Suriye, Afganistan ve Güney Sudan gibi iç savaşın harap ettiği ülkelerde görülenlerle karşılaştırılabilir düzeyde bir mülteci krizi söz konusu. Venezuelalılar savaştan veya çatışmadan kaçmıyor olabilir, fakat yaşadıkları zorluklar son yıllarda dikkatleri en çok üzerine çeken Suriyeli mültecilerinkine benzer. Buna karşın, uluslararası toplum, küresel değil de bölgesel bir kriz olarak nitelemeyi tercih ettiği Venezuela sorununa büyük oranda kayıtsız kaldı. Dahası, Suriye sorunu gibi benzer düzeydeki diğer yerinden edilme krizleriyle kıyaslandığında, Venezuela mülteci krizinin çözümü için, örneğin Suriyeli mültecileri sınırlarının içinde tutabilmesi için Avrupa Birliğinin Türkiyeye görece cömertçe sunduğunun aksine, yeterince finansal destek sağlamadı. Venezuelalı mülteciler için ev sahibi ülkelere yönelik entegrasyon ve kalkınma temelli bu gibi finansal desteğin yetersiz olması, söz konusu ev sahibi ülkelerin - örneğin Kolombiya - orta gelirli olmalarıyla ilişkilendiriliyor. Hâlbuki durum bundan çok, Venezueladaki göç hareketinin nasıl kategorilendirildiğiyle ilişkili görünüyor. 

‘Mülteci’ mi ‘göçmen’ mi? 

Suriyelilerden sonra dünyadaki en büyük yerinden edilme olayı olan Venezuelalıların kitlesel göçünün nasıl kategorize edileceği halen tartışmalı. Venezuelalıların ekonomik göçmen veya mülteci olarak kabul edilip edilemeyeceği konusunda BMMYK da net değil. Bunların mültecilerden ziyade ekonomik göçmenler olarak kabul edilmesi gerektiğini vurgularken, aksi yöndeki bir uygulamayla, bölgedeki STK'lara, Cartagena Deklarasyonuna dayanarak Venezuelalıların mülteci olarak sığınma talepleri için dava açmalarına yardımcı oluyor. 
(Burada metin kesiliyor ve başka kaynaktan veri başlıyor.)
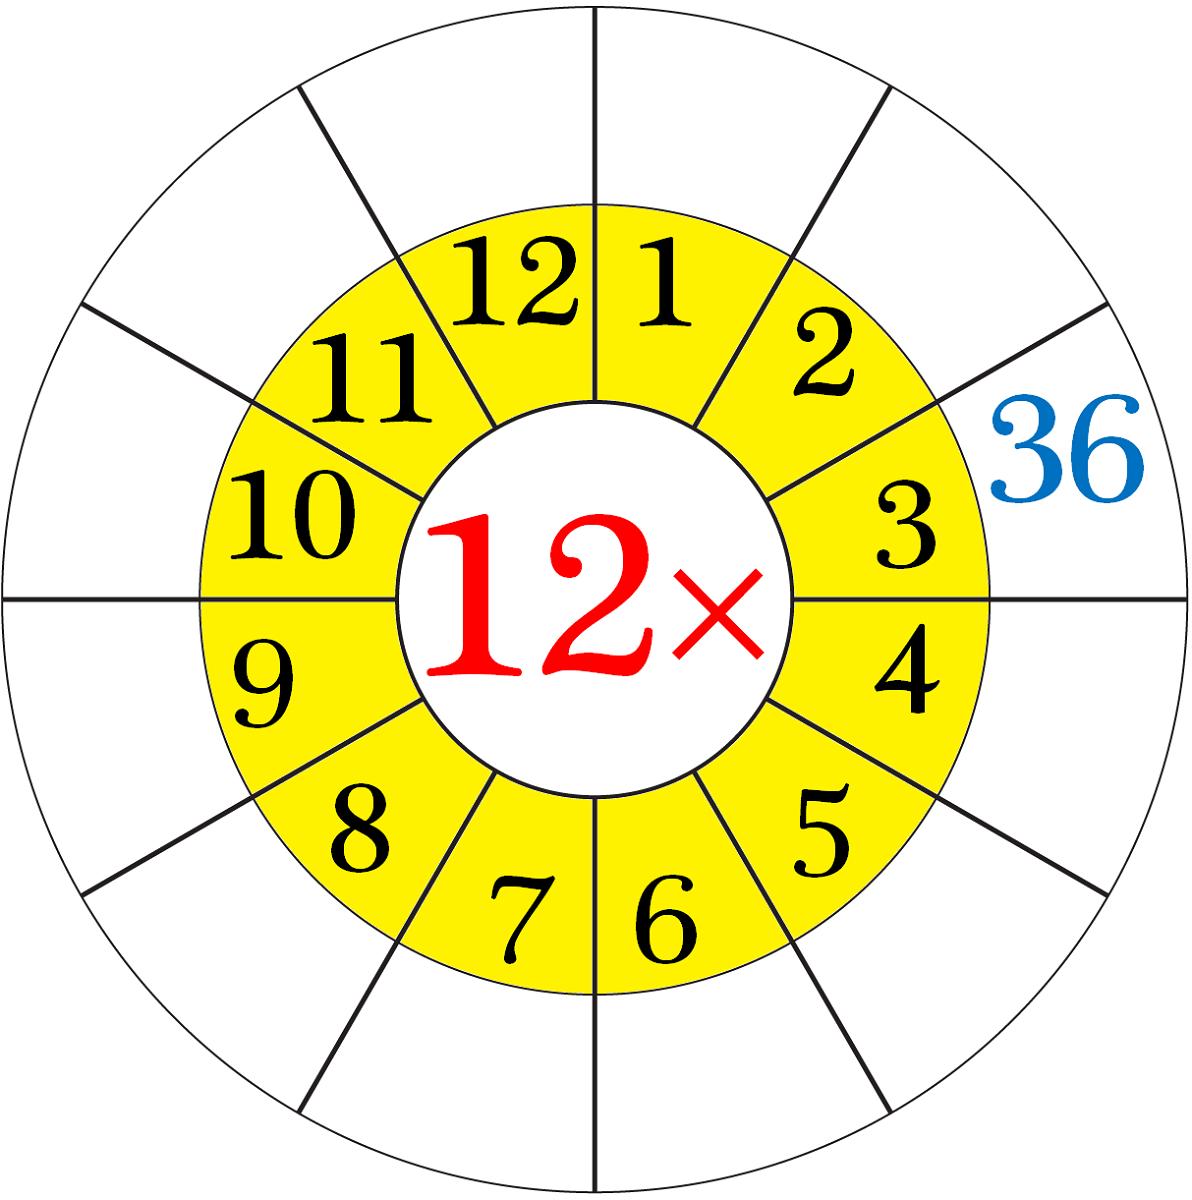 12 times table worksheet interesting
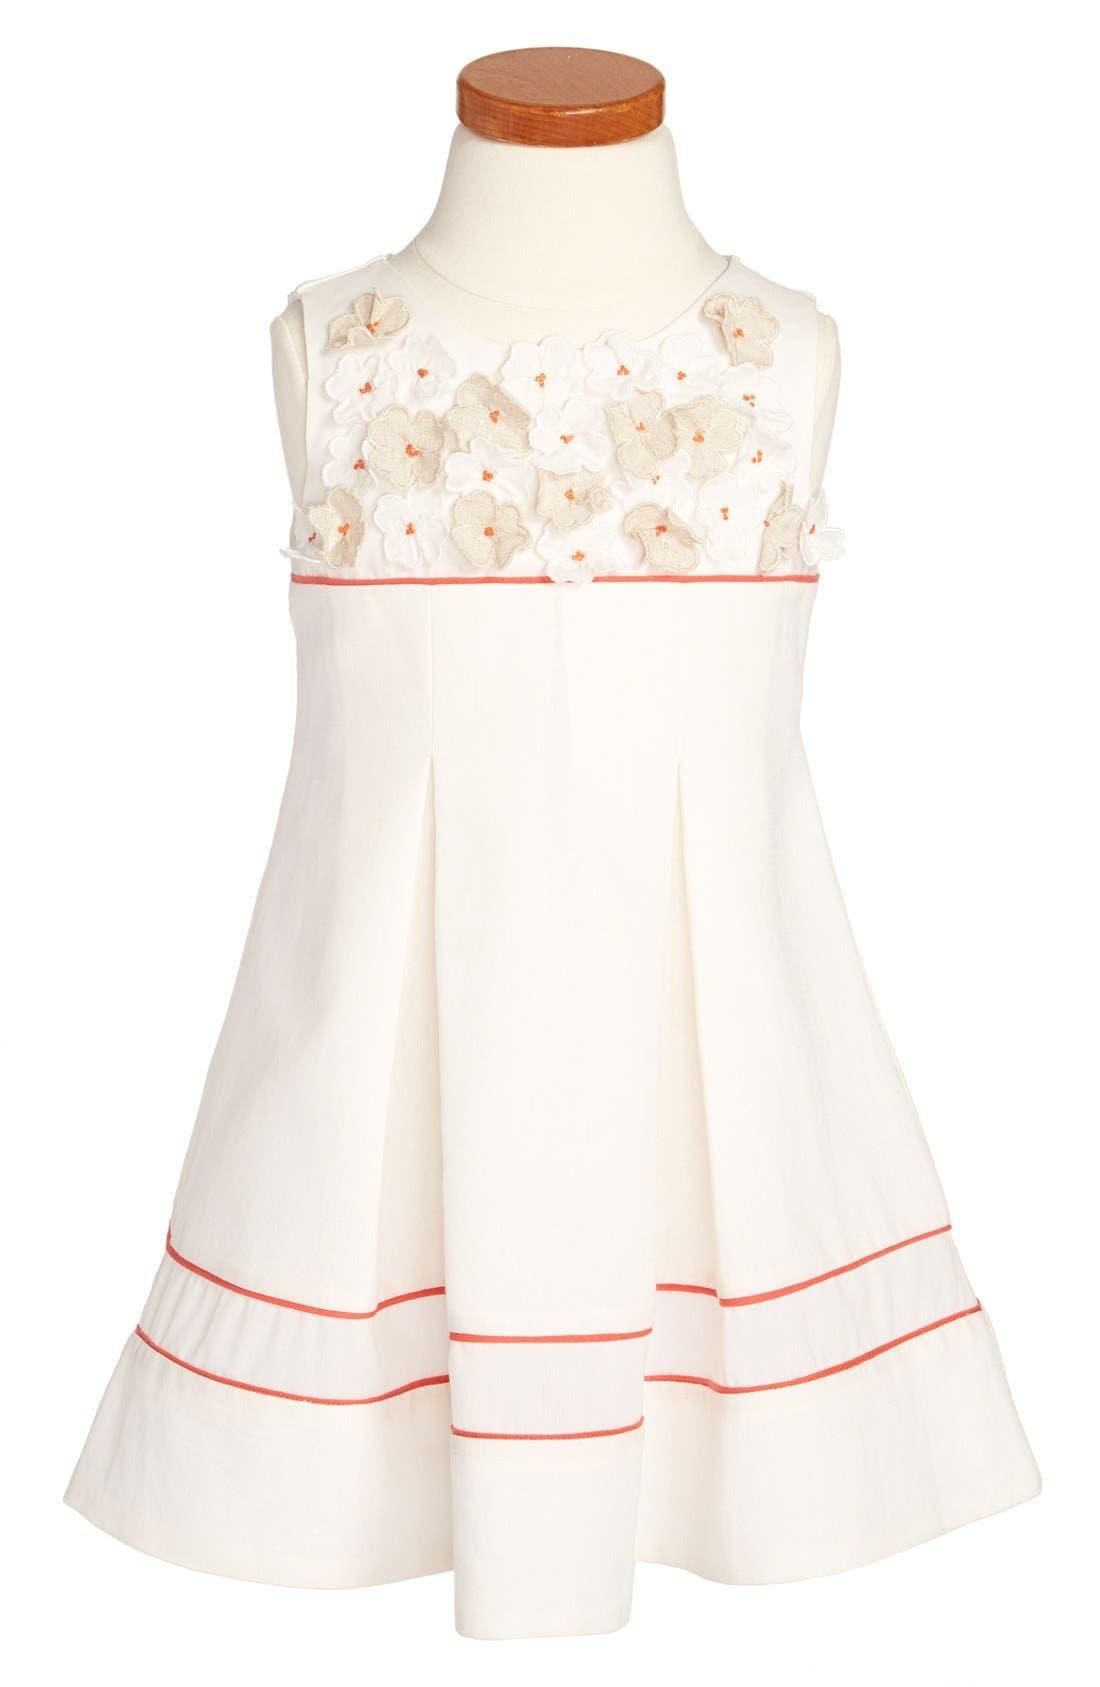 Alternate Image 1 Selected - Luli & Me Sleeveless Dress (Toddler Girls, Little Girls & Big Girls)

Tanımsal olarak örtüşmeyen bu iki yaklaşımı benimseyerek, BMMYK aslında Venezuelalılar konusundaki kafa karışıklığını yansıtıyor. Göçmenlere duruma göre ve eşzamanlı olarak hem ekonomik göçmen hem de mülteci muamelesi yaparak tanımlama krizini aşamıyor ve sonuçta Venezuelalılar için yeni bir kategori yaratarak sınıflandırma sorununa geçici bir çözüm buluyor. Ne göçmen ne de mülteci olarak kabul edilen Venezuelalı göçmenler, BMMYKnın yerinden edilmiş nüfuslarla ilgili resmi raporlarında ‘yurt dışındaki yerinden edilmiş Venezuelalılar(Venezuelans displaced abroad) şeklinde kendilerine has bir kategoriyle yer alıyor. Her göçmen tanımı/kategorisi beraberinde uluslararası kuruluşların tanıdığı birtakım haklar getirir. Oysa kendileri için yaratılan bu yeni kategorinin, ekonomik göçmen ve mültecilerden ayırt edilen Venezuelalı göçmenlere ne gibi haklar sağladığı halen bilinmiyor. Durumlarının yeni bir adlandırmayla tanımlanması, henüz sıkıntılarına bir çözüm getirmedi. Ama hiç değilse, göç türleri arasındaki bir cerrah titizliğiyle saptanan farklılıklar üzerine inşa edilen söylemin yetersizliğini ve bağlayıcı olması gereken tanımların devletler için uçuculuğunu gösterdi. Devletlerin soruna daima ekonomik yükümlülükler çerçevesinden bakması şaşırtıcı değil. Ve her yeni göç dalgasını adlandırmak için yöntem belli: yükümlülükler artıyorsa, yeniden adlandır! Günümüzde, sınır ötesi yerinden edilme sebeplerinin çoğaldığı -savaş ve bölgesel istikrarsızlık gibi geleneksel olanlarının yanı sıra iklim değişikliği ve gıda sorunu gibi yenileri- ve buna bağlı olarak, durmadan mevcut herhangi bir kategoriye uymayan ve Mülteci Sözleşmesinin dışında kalan yeni göç türlerinin doğduğu düşünüldüğünde, bu adlandırma mücadelesinin, göç literatürüne ilişkin salt teknik bir konu olmaktan çıkıp, bir insan hakları mücadelesine dönüştüğü anlaşılabilir. 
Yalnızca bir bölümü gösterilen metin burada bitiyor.